After its meticulous restoration, Fondazione Coppola reopens its venue at the Torrione in Vicenza, a center dedicated to contemporary art, with La Torre, a double exhibition of the German artists Neo Rauch and Rosa Loy.
Fondazione Coppola
The Torrione is a medieval monument that has inspired artists of all times and marked the landscape of the city of Vicenza in northeastern Italy for centuries. After a complex restoration process, it has today finally reopened to the public as the venue of the Coppola Foundation. It was created by Antonio Coppola (entrepreneur cited in the ‘BMW Art Guide by Independent Collectors’ among the top 250 independent global collectors) with the precise purpose of transforming a medieval monument into a space dedicated to contemporary art.
La Torre Exhibition
La Torre (The Tower), a double exhibition of the German artists Neo Rauch and Rosa Loy, is the first solo show of the artists in Italy. It is also the first exhibition of the new Fondazione Coppola, presenting a series of never before seen paintings and drawings by Neo Rauch and Rosa Loy and offering visitors an introduction to the work of two of the world’s leading figures in painting in recent decades.
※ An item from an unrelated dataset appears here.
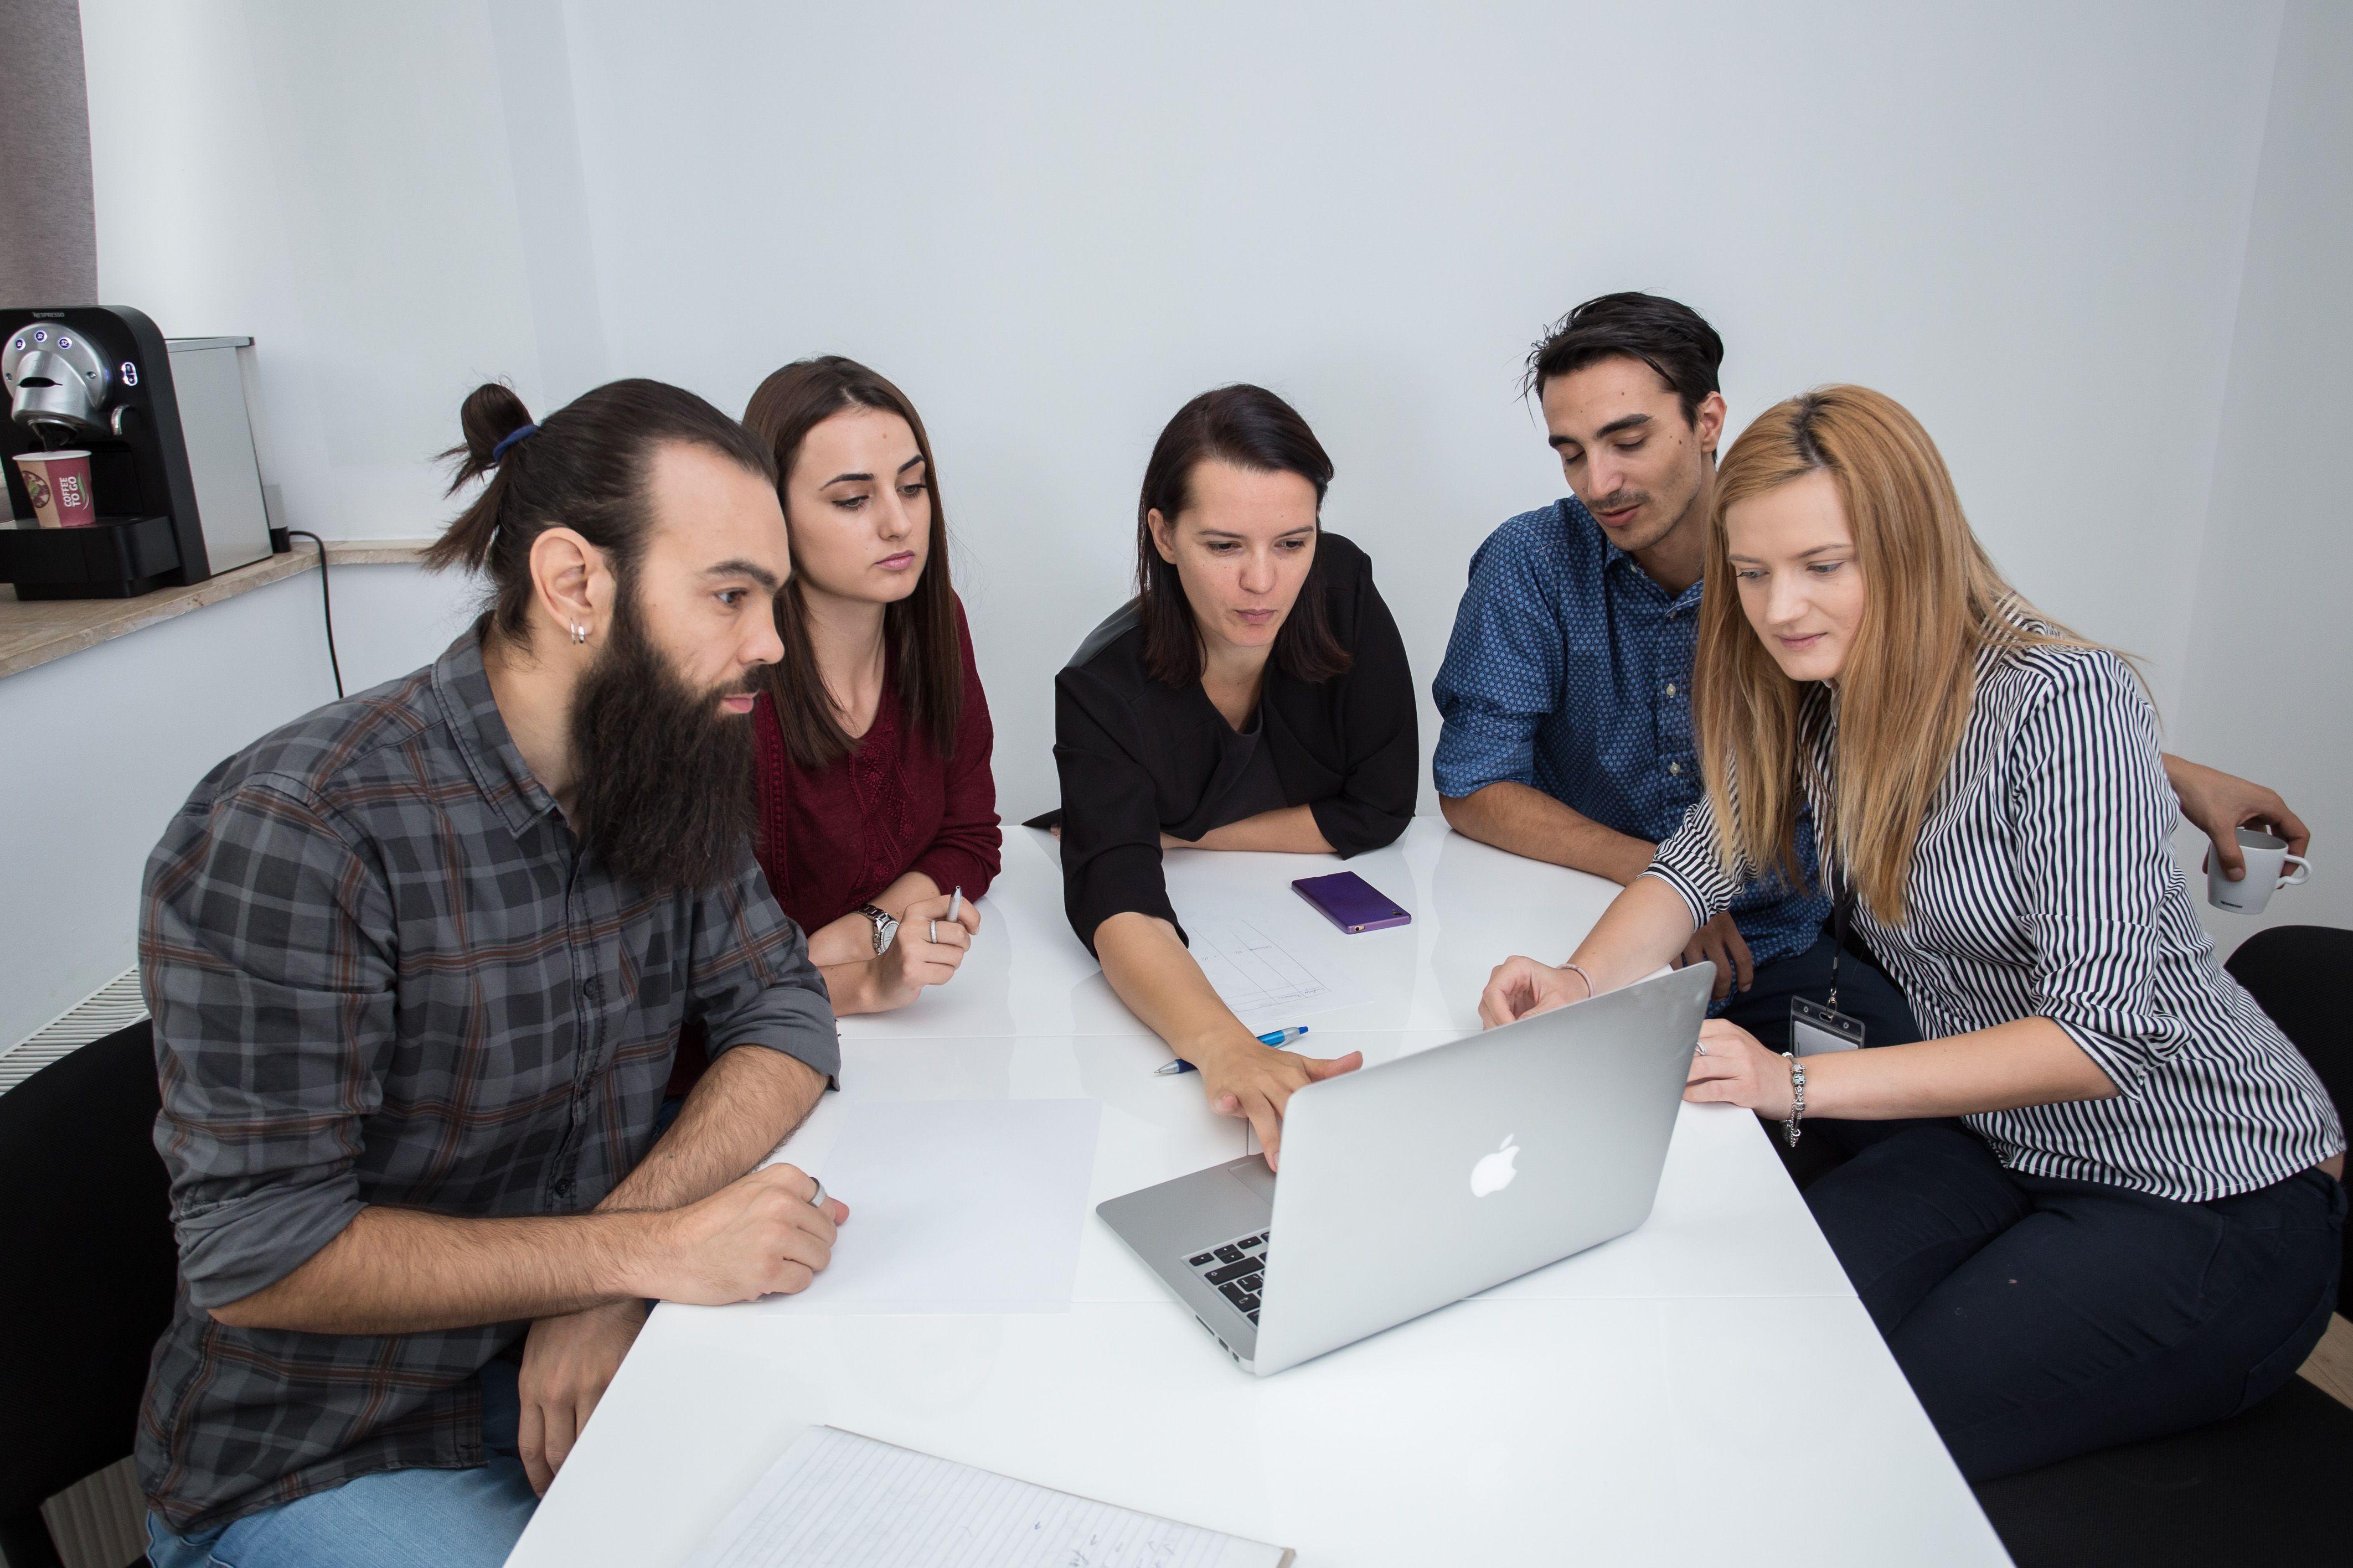 Pourquoi les Freelancers cessent d'être indépendants?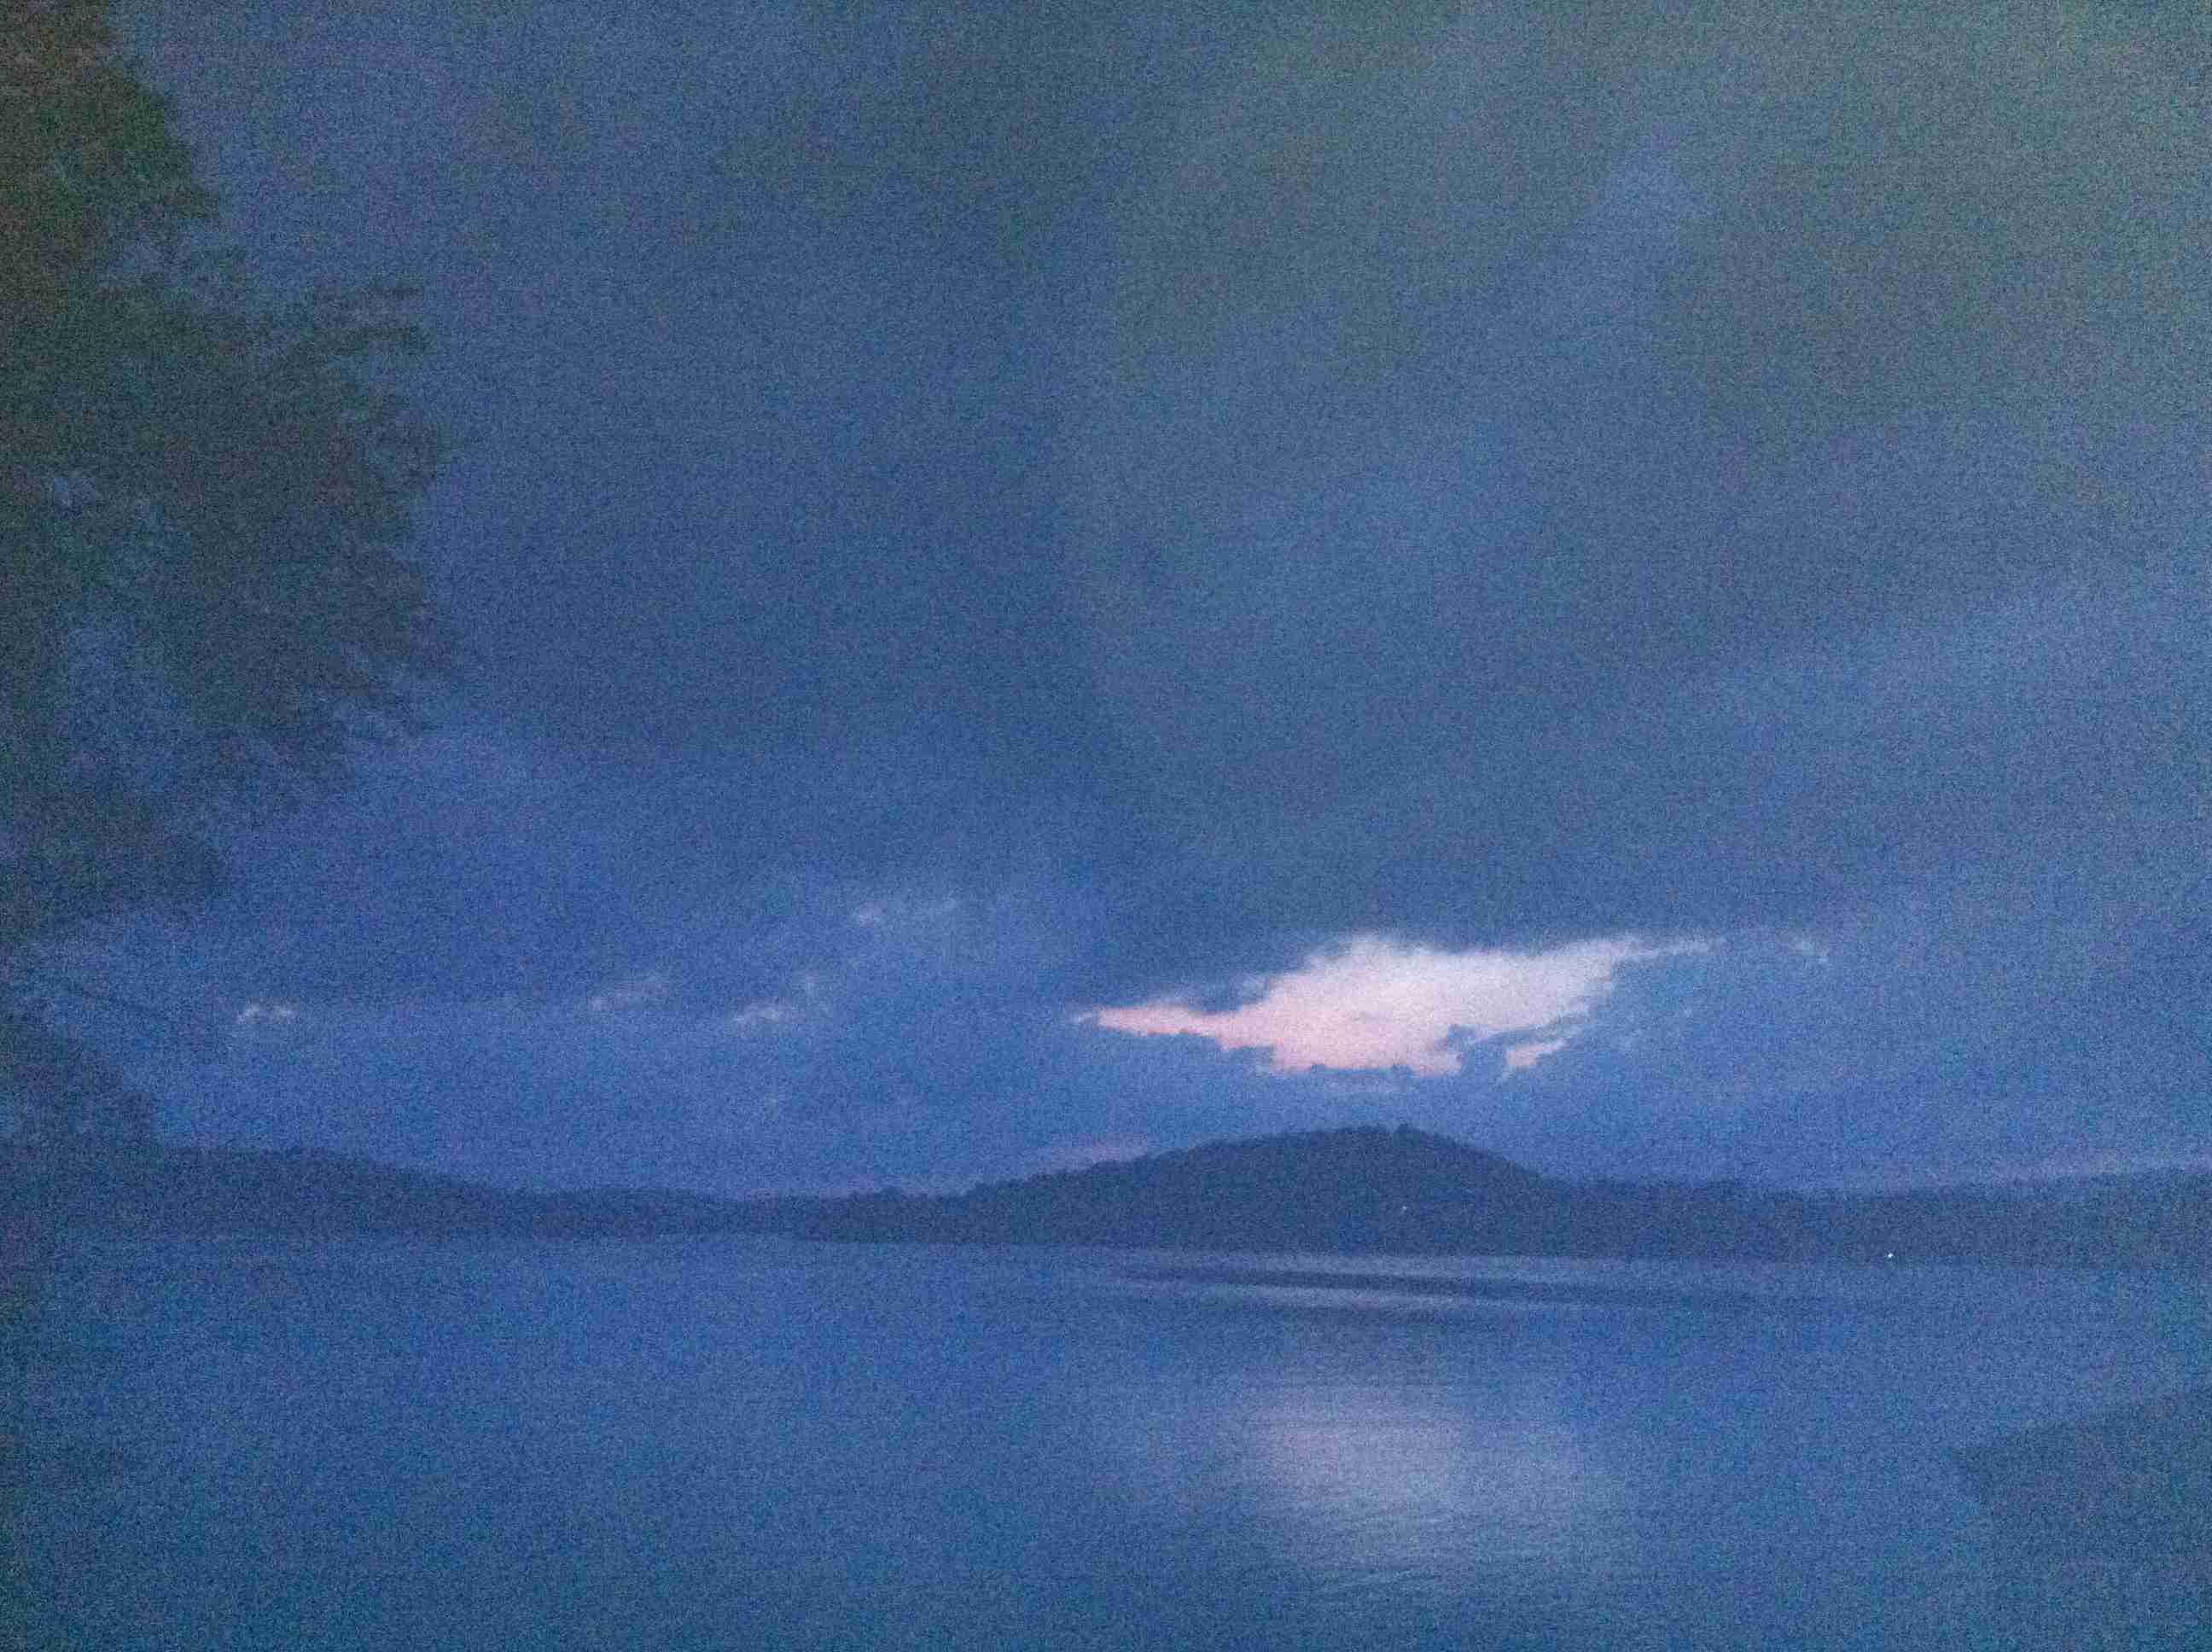 Night Sky Over Lake In North Georgia

The exhibition evokes symbolic power as well as the building itself. The works of the two artists are in dialogue across six floors to permit a close comparison between their two styles, marked by a progression upwards to the top floor, where the view of the city is a work of art itself.
Neo Rauch and Rosa Loy
The two artists are linked to the city of Leipzig, where a figurative language began developing in the early 1900s and has continued into the Third Millennium, attracting the interests of various generations of German artists.
Neo Rauch played a crucial role acting as liaison between different generations of artists and he continuously reinterpreted his figurative language through a mixture of different cultures: illustrations for East German propaganda posters, pop culture, the energetic and nervy realism of artists like Max Beckmann and Otto Dix, and the hallucinatory outlook and dramatic excitement of Renaissance masters such as Tintoretto and Rubens.
The paintings by Neo Rauch are based on the encounter (leading to the collapse) of different motifs and narratives with figures that double and even multiply inside the same image with changes in atmosphere. The result: convulsive overlapping, contrasting episodes, continuous variations in perspective and disproportion. Neo Rauch’s paintings are like ‘force maps’, where every element is more energy than a coherent narration.
Rosa Loy’s figurative language is more dreamy and ambiguous: Her paintings often center on the double woman, the enigmatic – and often violent – relationship between the two figures moving in an intimate and familiar landscape. Neo Rauch and Rosa Loy invite the viewer to come to terms with archetypal images, rich in psychoanalytic implications, whose meaning is continually reinforced by details and elements, a dimension of illustration as is seen in the surrealist tradition.